I am closer to death today than I was yesterday. So are you. How close, neither of us knows, but there is a day coming when death and I will meet on the battlefield and death will win that battle.

But, praise God, because of Jesus I will win the war.

Do you know why tomorrow is Good Friday? Because victory over death is a very good thing, and that’s what Jesus Christ secured for us when he died on the cross almost 2,000 years ago. It seems strange, I know, to claim that he conquered death by dying. Wouldn’t that mean that death won? It would but for one thing: His death was not the end of the conflict. “It’s Friday, but Sunday’s comin’.”

Seemingly defeated, Jesus’s dead body hung like a tropaion, a Greek or Roman monument the victors erected by hanging the armor of the conquered on a tree.
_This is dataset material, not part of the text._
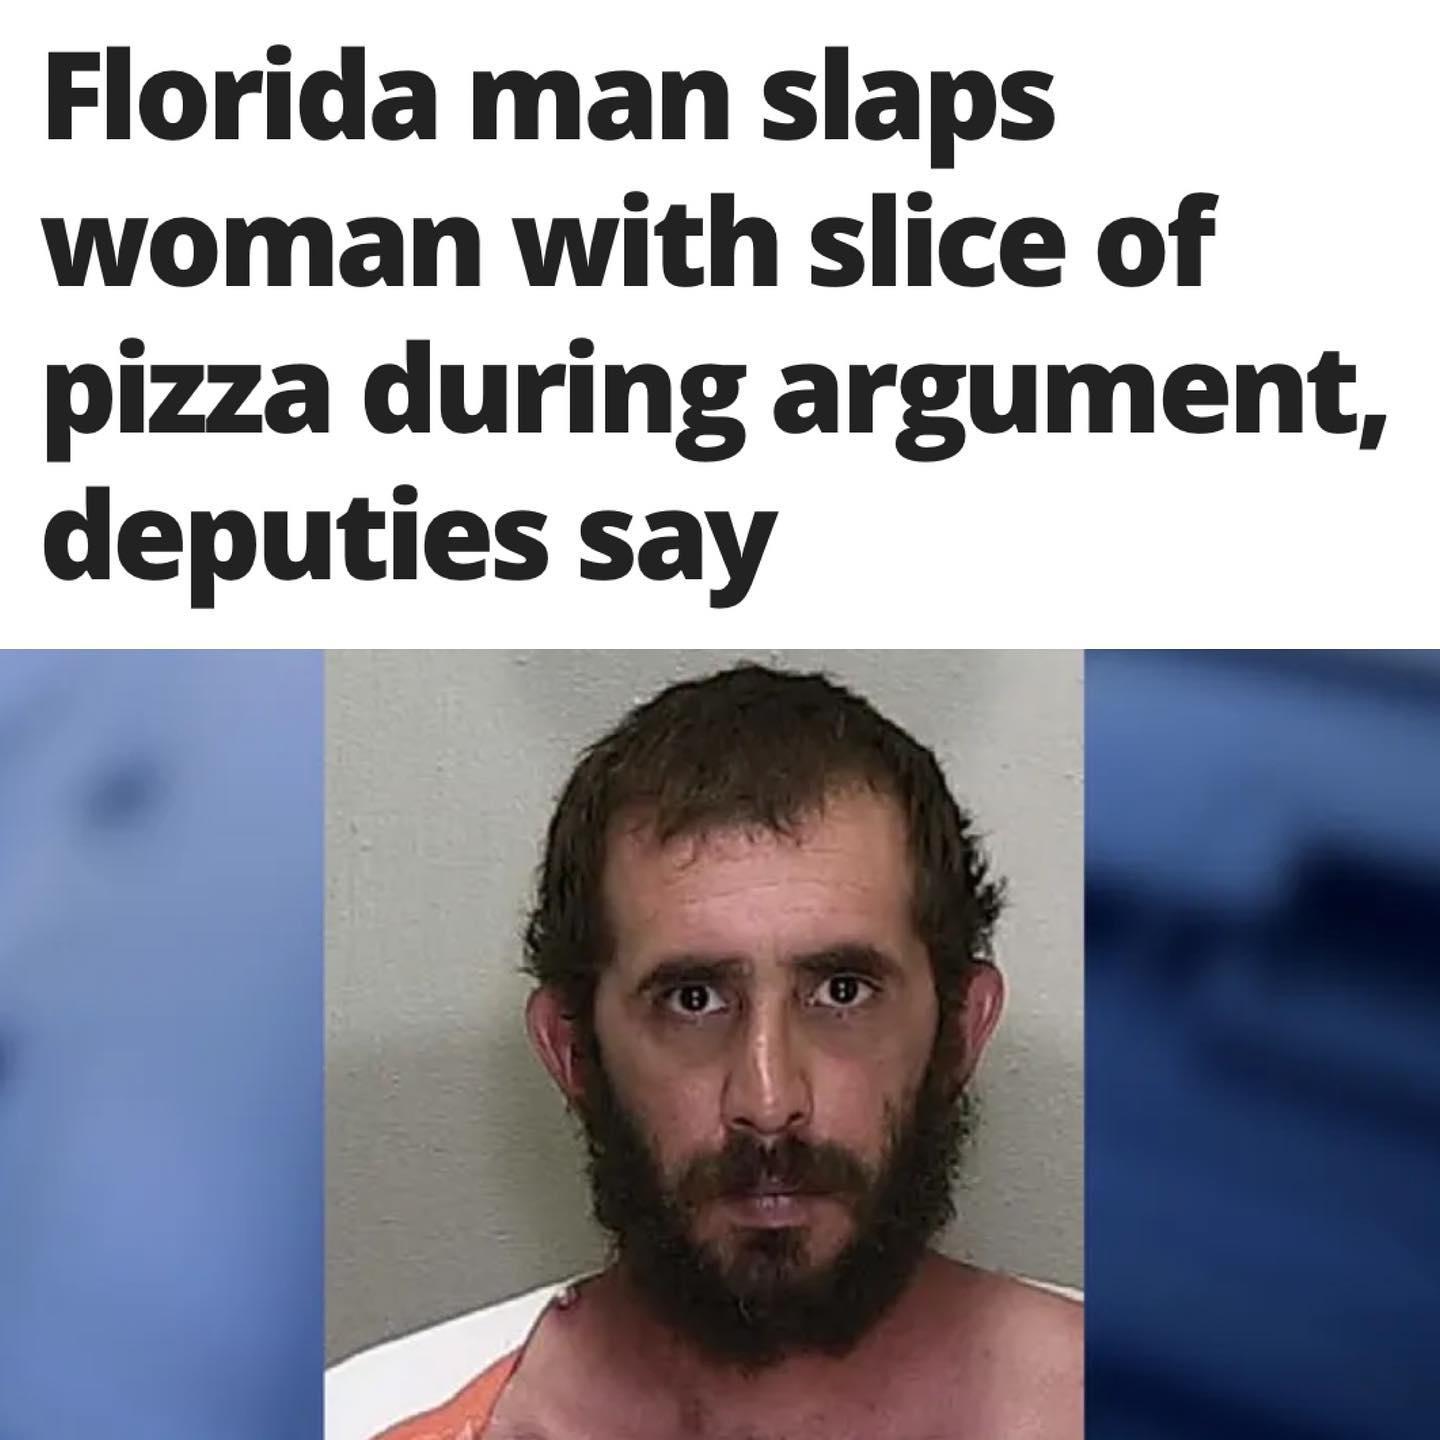 florida-man-slaps-woman-with-pizza-mugshot

Death claimed the victory, as it had over countless men, women, and children before. But this time was different. This time the monument would be toppled and destroyed, and death itself would be conquered for all people, for all time.

The conflict was not over on Friday, though it certainly seemed to be for those who watched Jesus breathe his last and be taken down dead from the cross and buried in a tomb. And for that long, dark night and all the next day as his disciples hid in fear wondering what just happened and what to do now. Because Sunday morning everything changed.

Sunday morning Jesus was raised very much alive which means he won the final victory, the ultimate victory, the never to be overturned victory – not death. And it means that all who are in Christ, all who believe and trust in him, all who surrender to his lordship, are victorious over death as well.

So, though death will overtake us all someday – except for those who are alive when Jesus returns, which could be any day now – our bodies will be raised alive again also. Death will knock us down, but we will get up and death does not get another shot at us – except for those who have rejected Christ and refused to love the truth. For them death does get the final victory.

But for us who have not rejected but instead received Christ and his immeasurably great gift of salvation through faith in him, we needn’t fear death because it holds no ultimate power over us. Our bodies will be raised in glorious triumph, never to face the enemy again.

O death, what can you do that the eternal, omnipotent God cannot undo? O death, why should I fear that which my Savior has conquered?

O death, where is your victory?

For this perishable body must put on the imperishable, and this mortal body must put on immortality. When the perishable puts on the imperishable, and the mortal puts on immortality, then shall come to pass the saying that is written: “Death is swallowed up in victory.” “O death, where is your victory? O death, where is your sting?” The sting of death is sin, and the power of sin is the law. But thanks be to God, who gives us the victory through our Lord Jesus Christ.